Их стены были увешаны изображениями гидроцефалических малолетних девчонок в штанишках с кружавчиками и дурацких ягнят, их полы были устланы ковриками, которые какая-нибудь фермерская жена пятьдесят лет назад, должно быть, искренне ненавидела, но жалела потратить на их замену деньги, вырученные от продажи яиц. Неужели они всерьез теперь думали, что жить в такой обстановке – действительно удовольствие?
Они считали нас вандалами. В нашей столовой, как и во всех комнатах, имелись прекрасные глубоко врезанные окна. Мы добавили по сторонам и над окнами зеркальные стёкла. Результат (для нас, конечно) оказался чудесным: сад, раскинувшийся за окнами столовой, отражался ещё и в боковых зеркалах, а ветви и листья нависали в зеркалах верхних. Но к этому отнеслись как к осквернению. «О, эти старинные окна! Как вы могли!» Да, мы смогли. И нам это понравилось.
Потом наступил тот ужасный день, когда обнаружилось, что мы покрасили ставни не в традиционный голубой, а в розовый средиземноморский. Все содрогнулись, а некоторые лишились чувств. А когда мы срубили несколько густо разросшихся тополей, чтобы открыть вид на заливные луга и джерсийские холмы, раскинувшиеся за ними – ну, это задело даже самых неколебимых поклонников Торо с 52-ой Улицы. Теперь с нами разговаривали только местные. Но это нас не беспокоило.
Мы хотели, чтобы наш дом был уютным и радостным. Это было единственным ясно сформулированным желанием.
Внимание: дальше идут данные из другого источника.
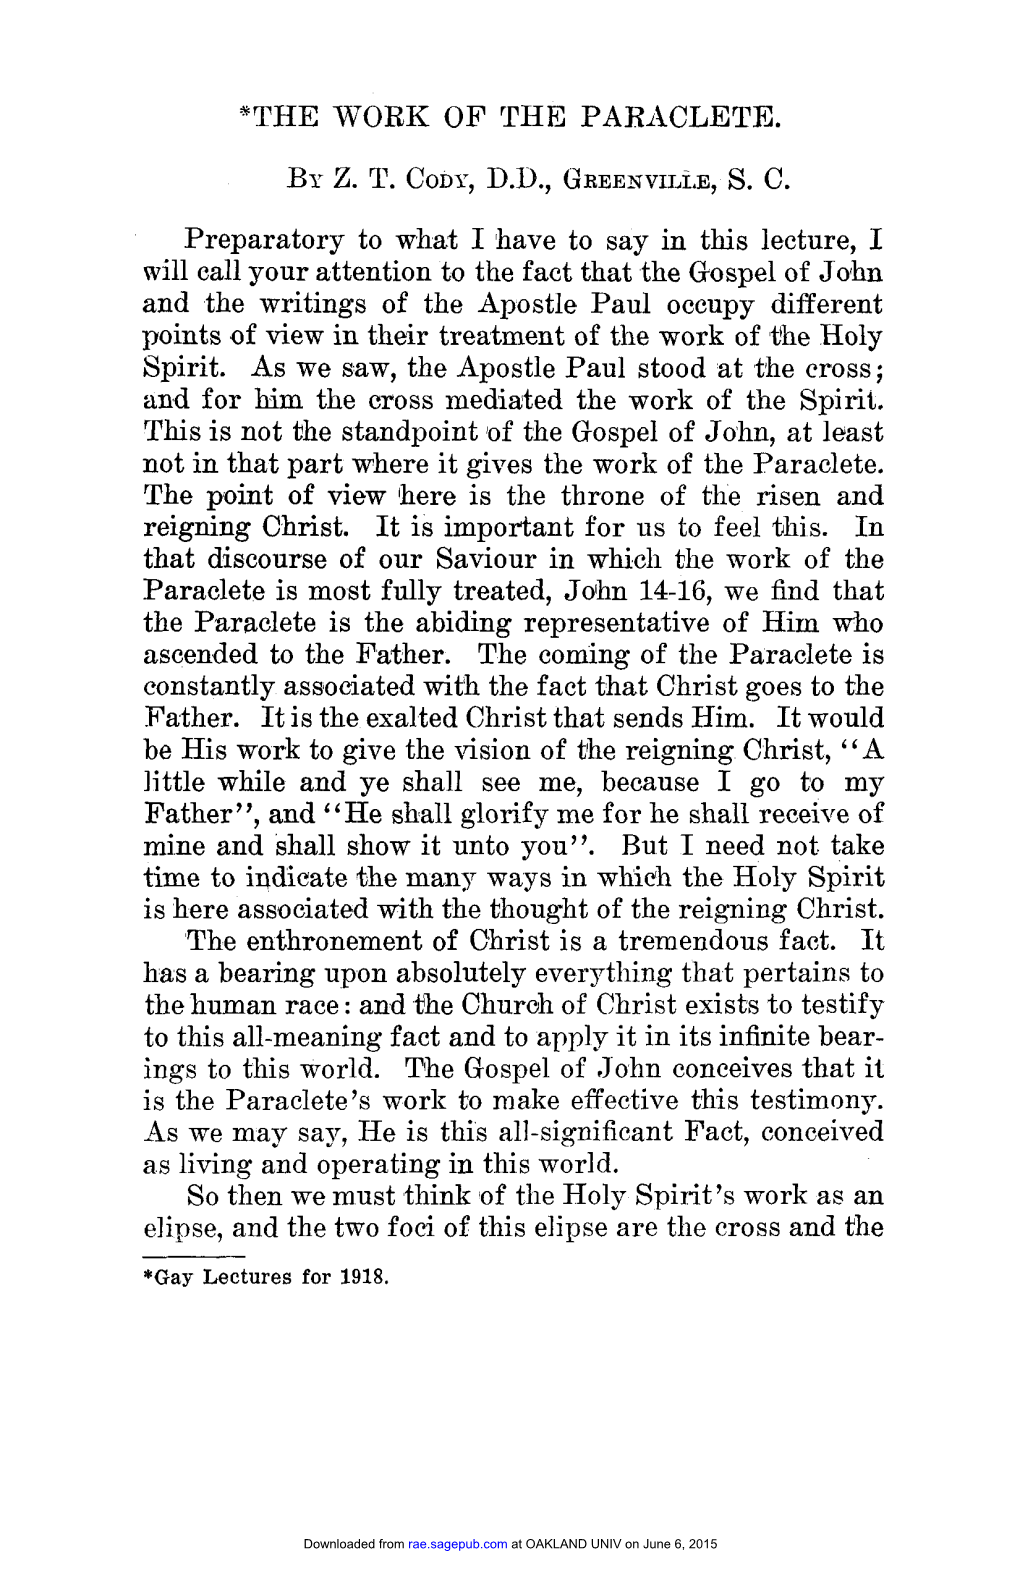 THE WORK of the PARACLETE. Preparatory to What I Have

Мы переехали в графство Бакс не из-за веяний литературного процесса, а потому что полюбили его грациозные дали, боттичеллиевские кедры, ладные дома из грубого камня и просторные, солидные амбары.
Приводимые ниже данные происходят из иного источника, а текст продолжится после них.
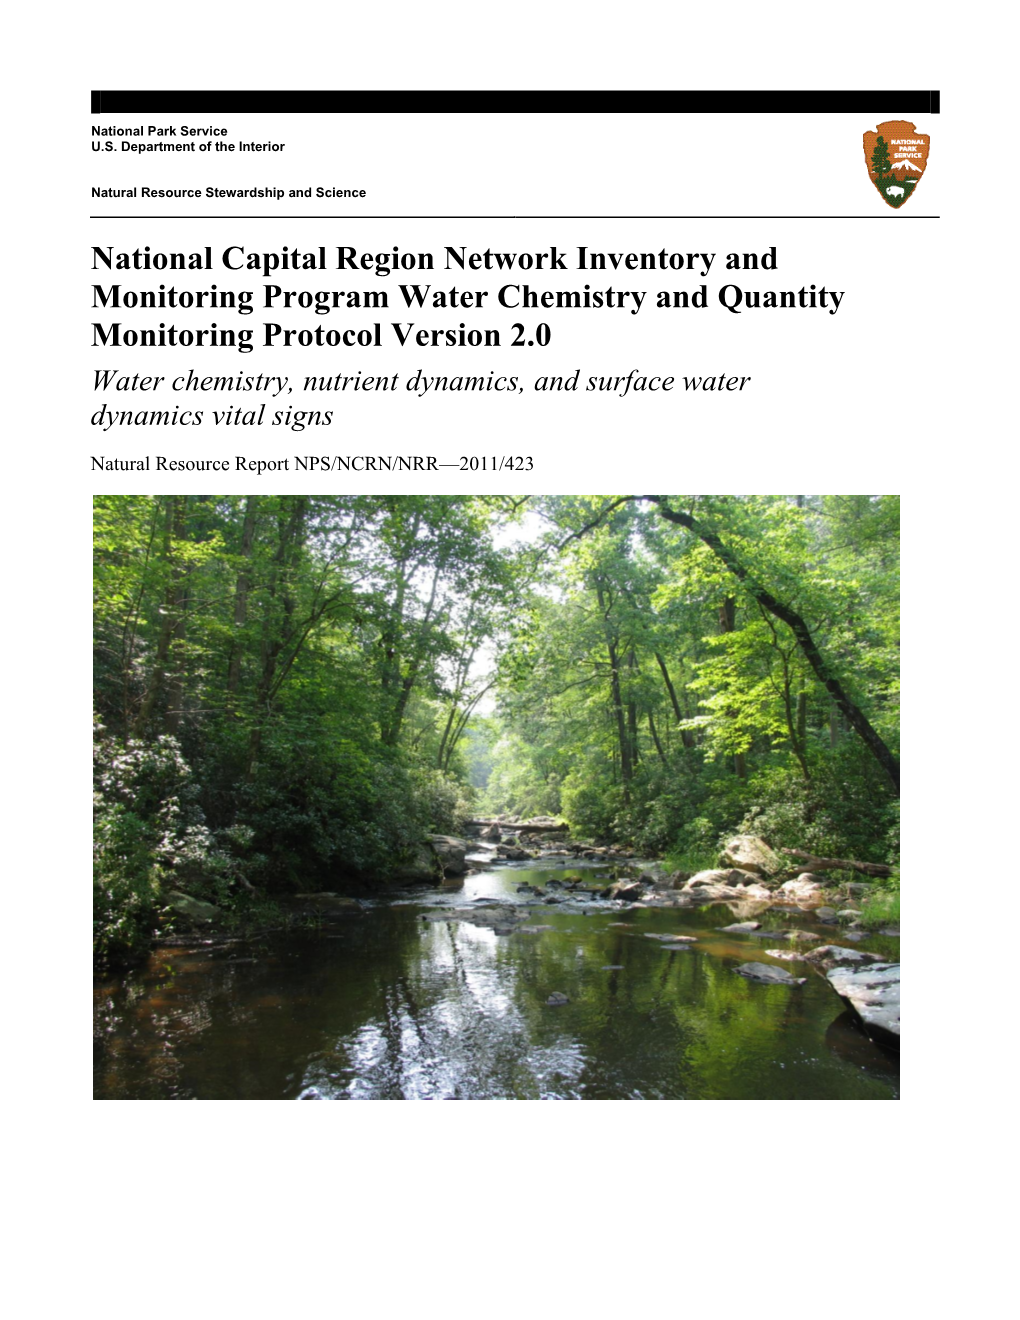 National Capital Region Network Inventory and Monitoring Program

Когда мы купили этот дом (мы называли его Лисий дом, и не по – упаси Господь – каким-то охотничьим соображениям, а потому что он всегда принадлежал семье Фокс, и когда надо было упомянуть его, расспрашивая дорогу, люди всегда говорили «а, Лисий дом!», так что и мы стали звать его Лисьим), в нем жила семья литовцев, которая не хотела, чтобы кто-нибудь его купил, поскольку они там обретались бесплатно.
Литовская матрона, желая от нас отделаться, даже зашла так далеко, что украсила порог входной двери трупом лесного сурка. Погода стояла августовская, а сурок закончил свои дни не то чтобы совсем недавно… На случай возможной будущей необходимости дарю вам этот эффективный способ отпугивать потенциальных покупателей.
Так или иначе, но дом стал нашим. Он оказался, выражаясь более чем осторожно, весьма запущенным. Подвала не имелось, и полы прогнили до самой земли. То, что от полов осталось, было усыпано останками подохших цыплят – уже не трупами, но еще не скелетами. Помню, я размышляла, хватит ли всех аравийских благовоний… но сейчас уже всё в порядке.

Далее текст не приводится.